The section also identifies critical methodological gaps in current research, particularly the need for unified frameworks that seamlessly integrate boosting algorithms with SHAP-based explanations to enhance both predictive accuracy and interpretability. Despite the promising results from various studies, many existing models struggle with scalability and transparency, indicating a pressing need for comprehensive approaches that balance these aspects. The findings underscore the importance of developing robust, explainable models that can be effectively deployed across diverse educational contexts, ultimately contributing to improved academic outcomes and informed decision-making in educational settings.

Limitations

The study acknowledges several limitations that may affect the generalizability of the Ex-ADA framework, despite its strong predictive performance and explainability. Firstly, the dataset is restricted to a single university course in Fundamentals of Programming, which may limit the model’s applicability to other educational contexts. Future research should incorporate cross-disciplinary and multi-institutional datasets to enhance external validity. Secondly, the reliance on quantitative behavioral indicators—such as attendance and midterm performance—does not encompass the cognitive, motivational, or socioemotional factors influencing academic success. Incorporating qualitative data, such as psychological self-reports or sentiment analysis, could yield a more holistic understanding of student learning behaviors.

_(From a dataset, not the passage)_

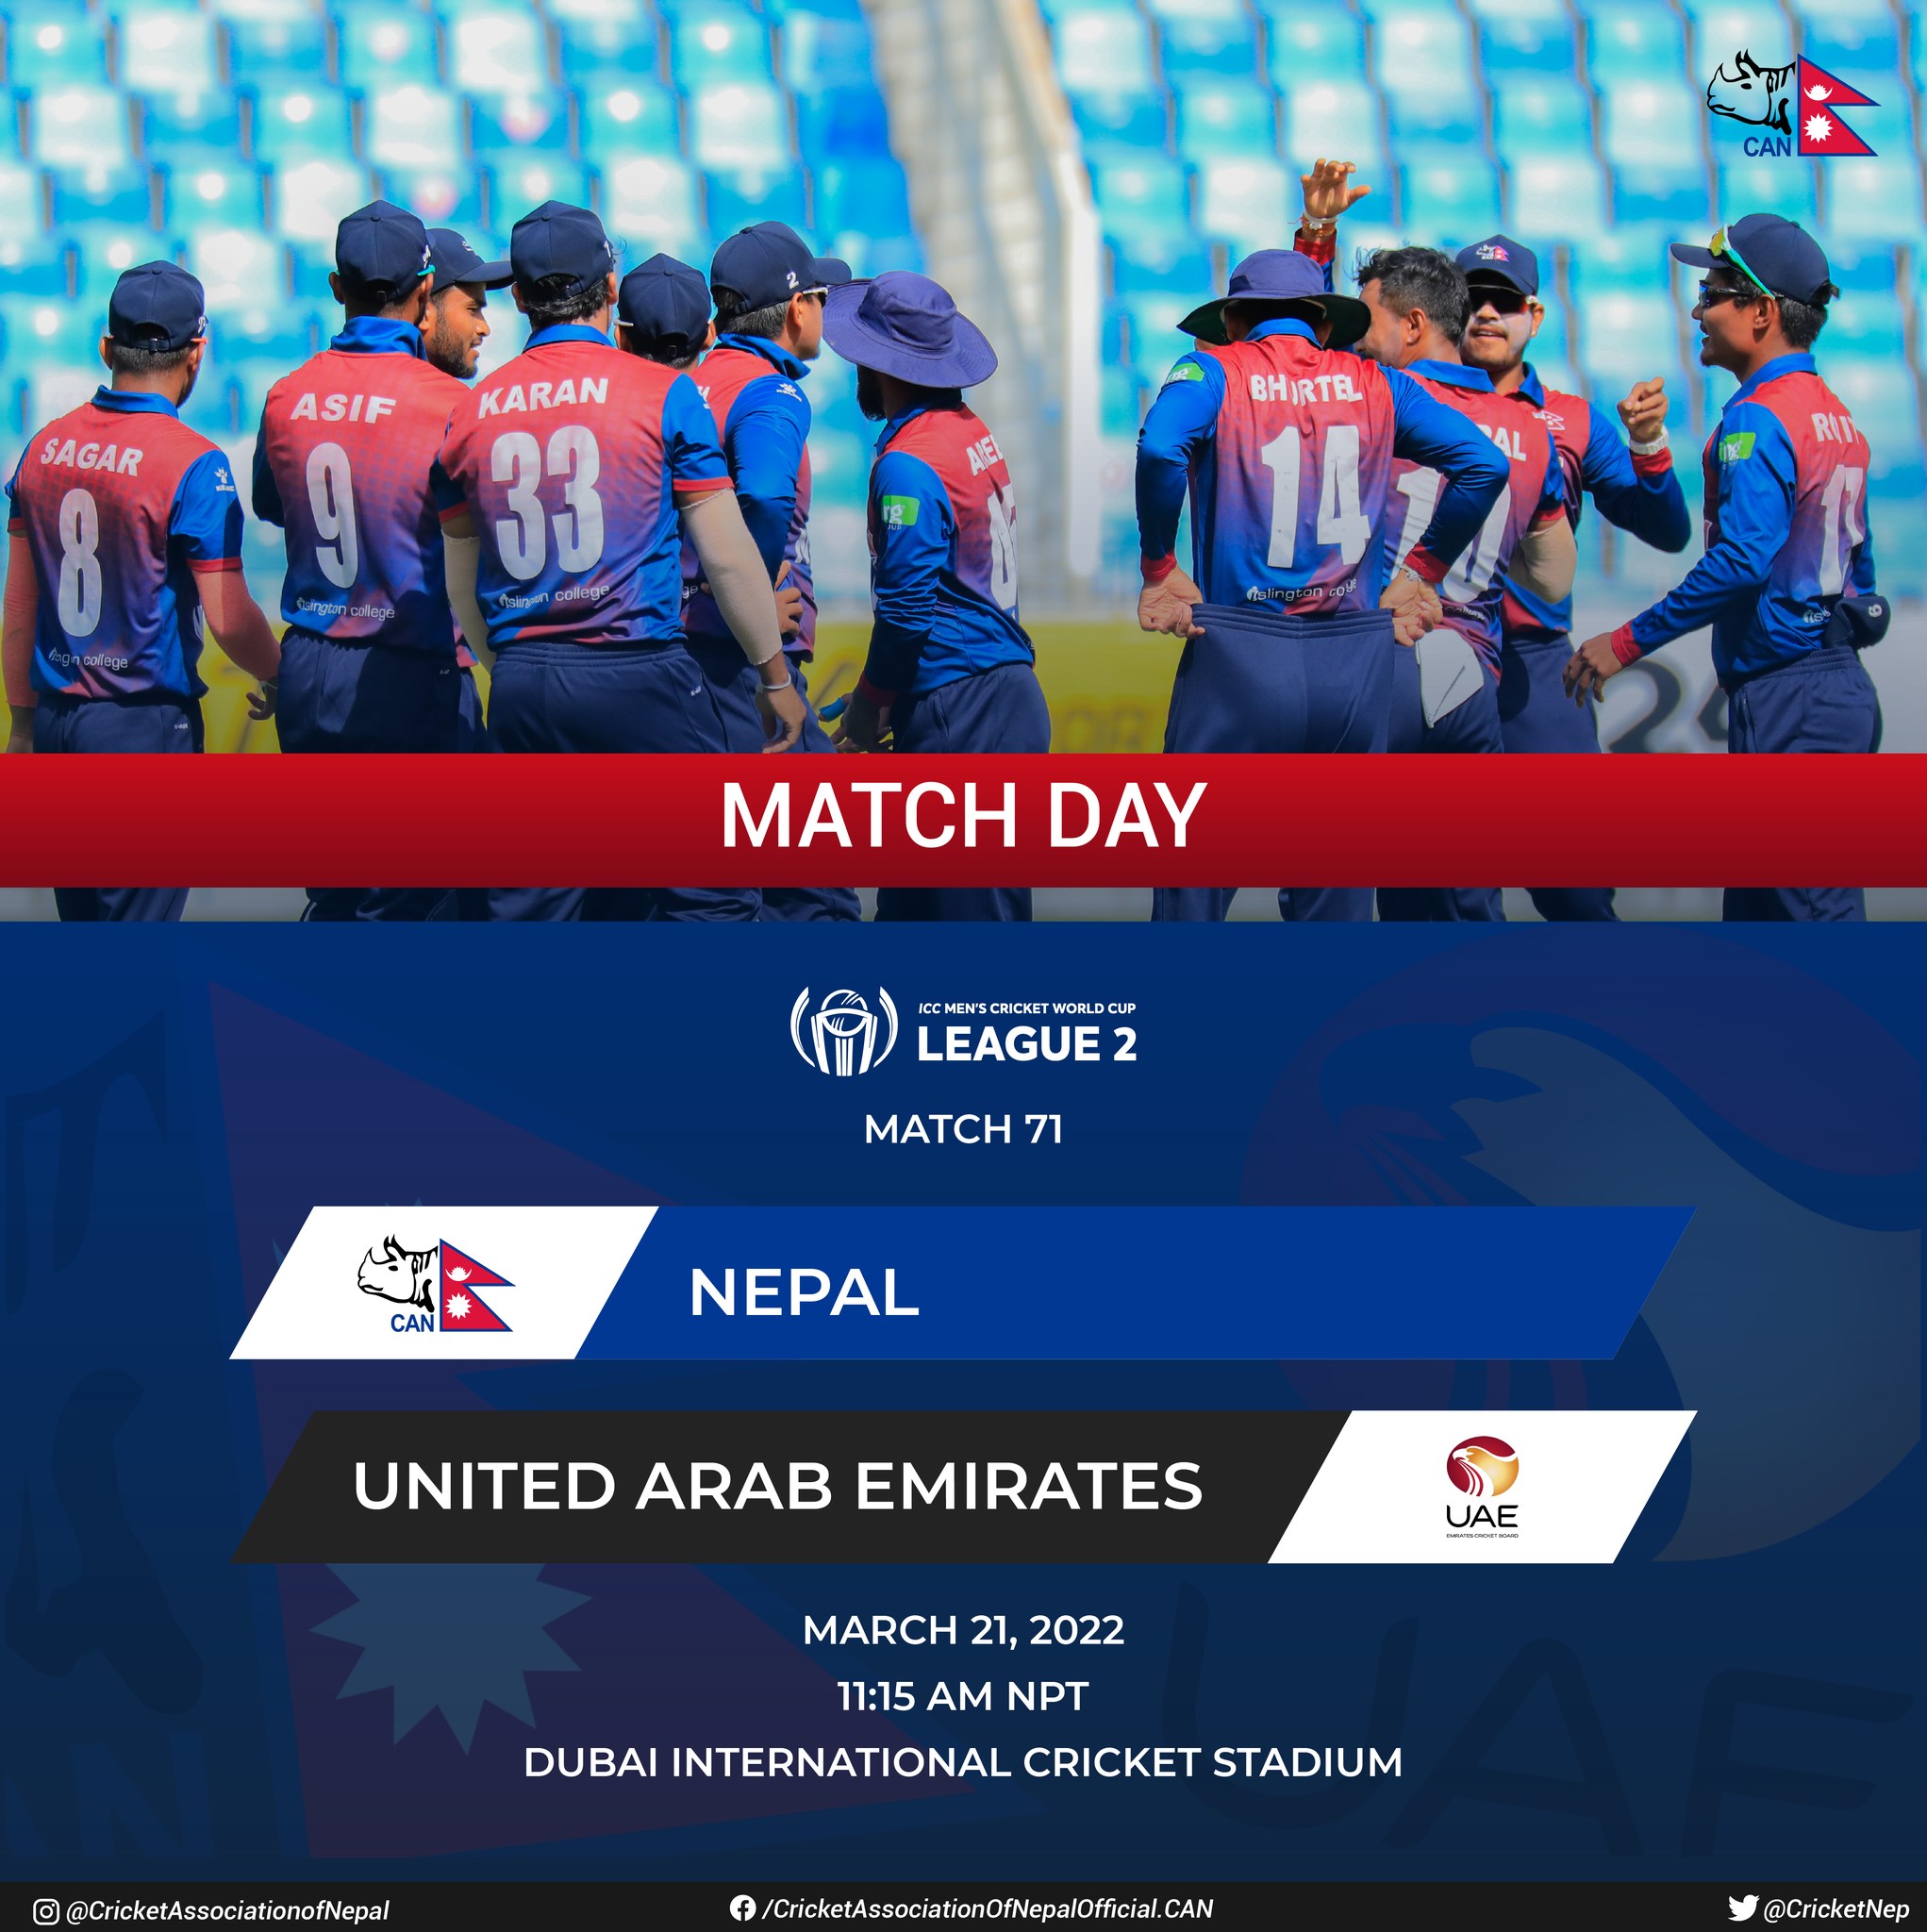 Nepal gets a target of 203 runs against UAE

Additionally, the explainability of the model is derived from SHAP, a post-hoc method that, while useful, does not ensure complete causal transparency. Future investigations could benefit from exploring causal modeling techniques or more interpretable boosting methods. The computational complexity of Ex-ADA may also pose challenges for real-time applications in early-warning systems, necessitating optimization strategies for larger datasets. Furthermore, the study did not assess the long-term stability of the model across different academic terms, highlighting the need for periodic retraining to maintain accuracy. Lastly, ethical considerations regarding student data privacy and the potential for algorithmic bias must be prioritized, emphasizing the importance of secure data handling and responsible prediction use. These limitations suggest critical avenues for future research to enhance the scalability, fairness, and multidimensional capabilities of the Ex-ADA framework.